Navigating the mindset for data journalism
I’ve been working my butt off this summer starting up a data journalism program and teaching in it. I couldn’t ask for a better crew of students and instructors: engaged, intelligent, brave, and eager to learn. And my class has been amazing, due to the incredibly guest speakers who have given their time to us. On Tuesday we were honored to have danah boyd come talk about her new book It’s Complicated, and yesterday Julie Steele talked to us about visualization and how our technological tools affect our design, which was fabulous and also super useful for the class projects.
I feel like it’s the picture perfect situation for the emerging field of data journalism to be defined and developed. Even so, there are real obstacles to getting this right that I hadn’t anticipated. Let me focus on obstacles that exist within the academy, since that’s what I’ve been confronting these past few weeks and months.
Basically, as everyone knows, academia is severely partitioned between departments, both physically and culturally. Data journalism sits more or less between journalism and computer science, and both of those fields have cultures that are unintentionally hostile to a thriving new descendant. Let me exaggerate for effect, which is what I do.
In cartoonish form, introductory computer science classes are competitive weeder classes that promote a certain kind of narrow, clever, problem-solving approach. If you get your code to work, and work fast, you’re done, and you move quickly to the next question because there’s an avalanche of work and technical issues to plow through.
You don’t get that much time to think, and you almost never address the question of how to do things differently, or why syntax is inconsistent between different parts of python, or generally why a computer language is the way it is and how it could have been designed differently and what the history was that made it so, because you don’t have time and you have to learn learn learn. In other words, it’s kind of the least context-laden and most content-heavy way of learning that you can imagine. You impress people by what you can make work, and how fast, and it is a deep but narrow way of working, kind of like efficient well-digging.
Now let’s paint an equally exaggerated vision of the journalist training. A good journalist collects a ton of information to create a kind of palette for the topic in question, and dives straight into ambiguity or history or bias or contradiction to learn even more, and then starts to build a thesis after such comprehensive information collection has occurred. In other words, the context is what makes a topic interesting and important and newsworthy, and the human and gripping example is critical to illustrate the topic as well as to make it into a story rather than a set of facts. You impress people by your ability to synthesize an incredible breadth of knowledge and then find the hook that makes it a compelling story and draw it out and make it real. This is a broad filtering method where you don’t take the next step until you know you should.
To make it even more dumbed down, journalists are ever aware of the things they know they don’t know, and desperately want to fill in their knowledge gaps because otherwise they feel fraudulent, like they’re jumping to unwarranted conclusions. Computer scientists don’t care about not knowing things as long as their programs work. They can be blithe with respect to messy human details, which of course means they sometimes don’t notice or figure out their data has selection bias because they got an answer, but also means they are super efficient.

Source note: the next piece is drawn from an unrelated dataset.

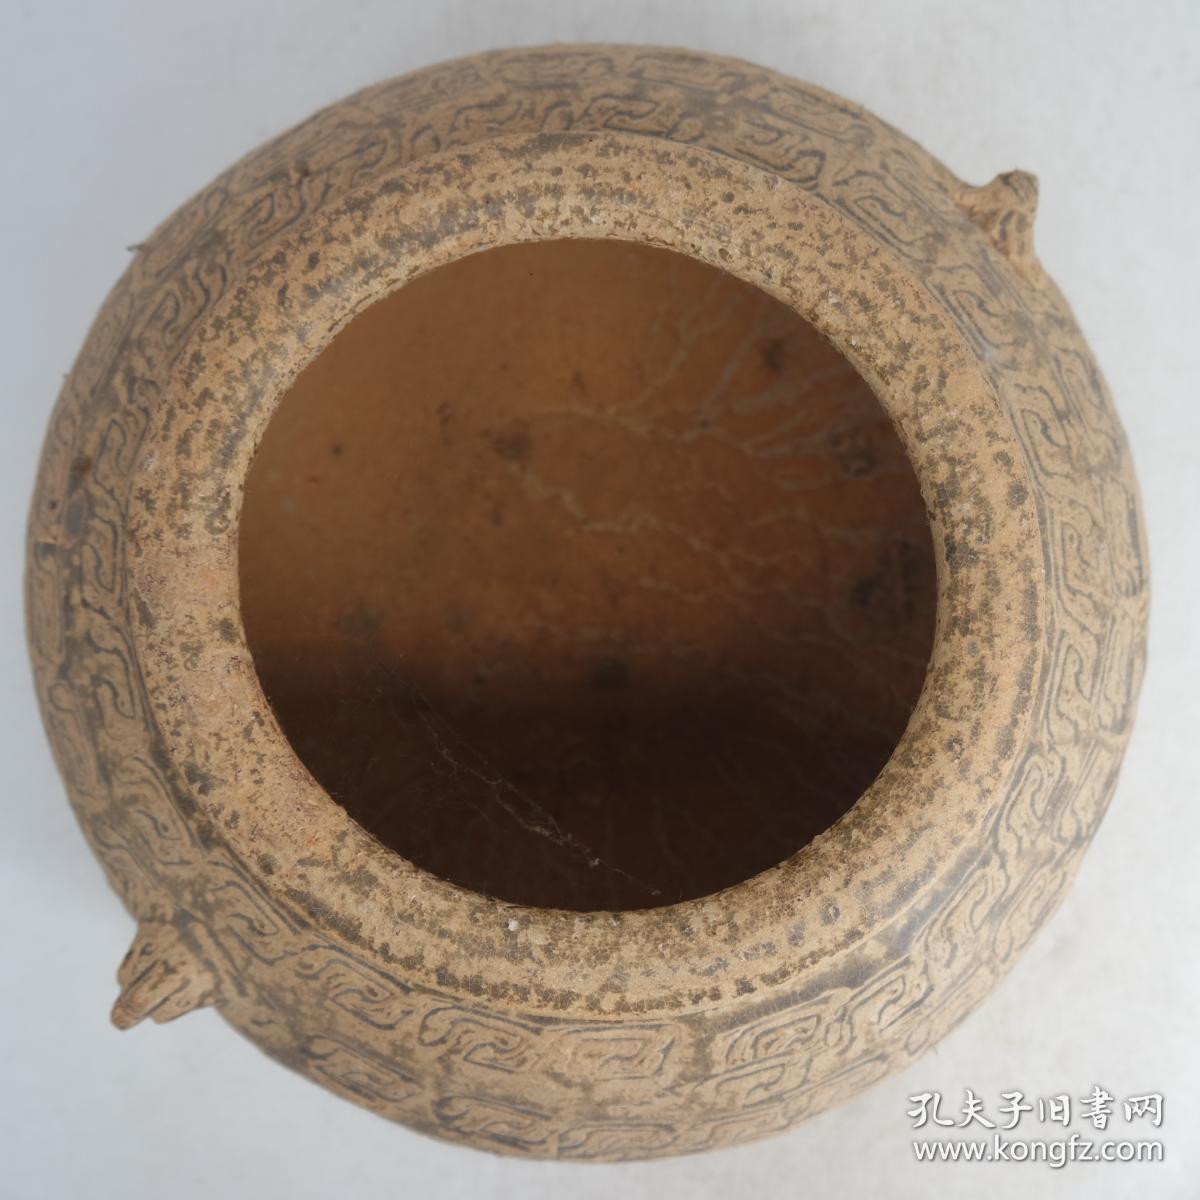 旋涡纹瓮-原始彩陶-图片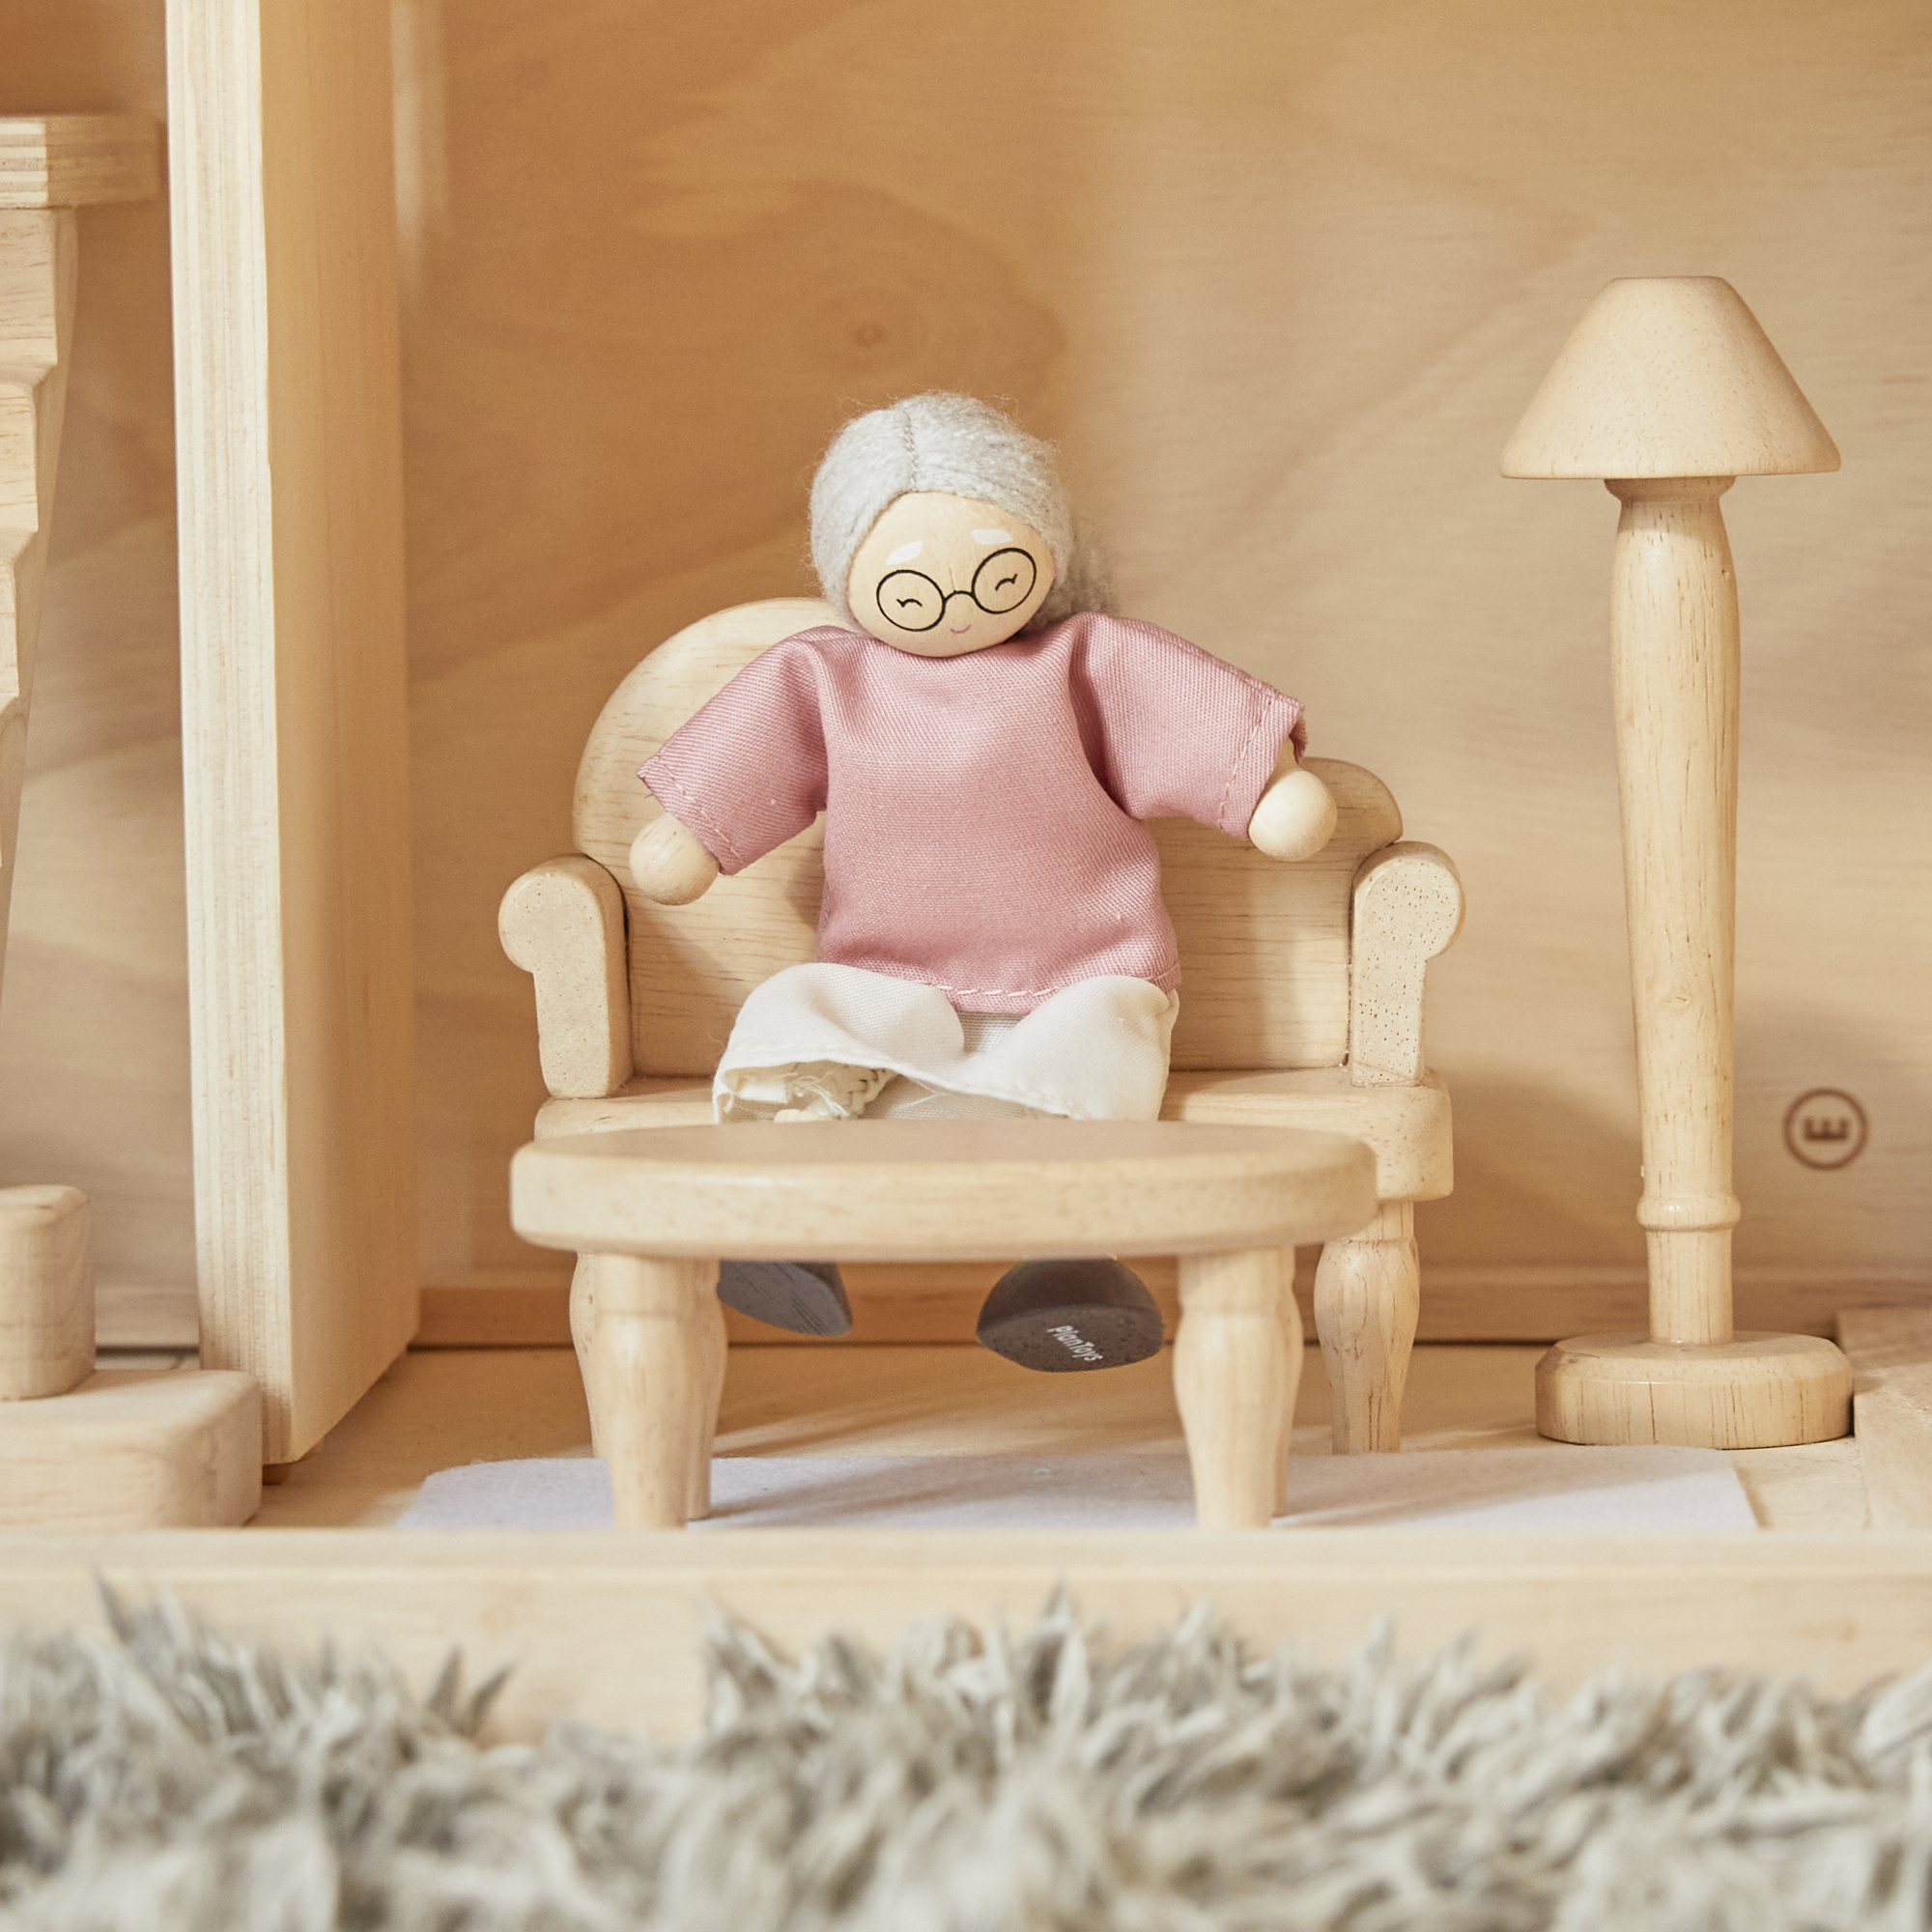 ของเล่นไม้  Grandmother Dollhouse Figure - Fair Skin Tone ตุ๊กตาคุณย่าคุณยาย-ผิวขาว เสริมพัฒนาการ สำหรับเด็กอายุ 3 ปี ขึ้นไป

Now you can see why it’s a tough thing to teach journalists to code, and it’s also a tough thing to expect coders to become journalists. Both sides emphasize a kind of learning and a definition of success that the other side is blind to.
What would a middle ground look like? In the ideal scenario, it would be a place that appreciates and uses the power of data and programming and spends the time learning the history and searching the inherent human bias of data collection and analysis. That scenario is exciting, but it clearly takes time to build and represents a real investment both by the academic institutions that build it and by the media that eventually hire the data journalists coming from it.
In other words, the outside world has to actually want to hire the emerging thoughtful fruit of that labor. It brings me to other problems for data journalism that largely live outside the academic world, which I might blog about at some other time.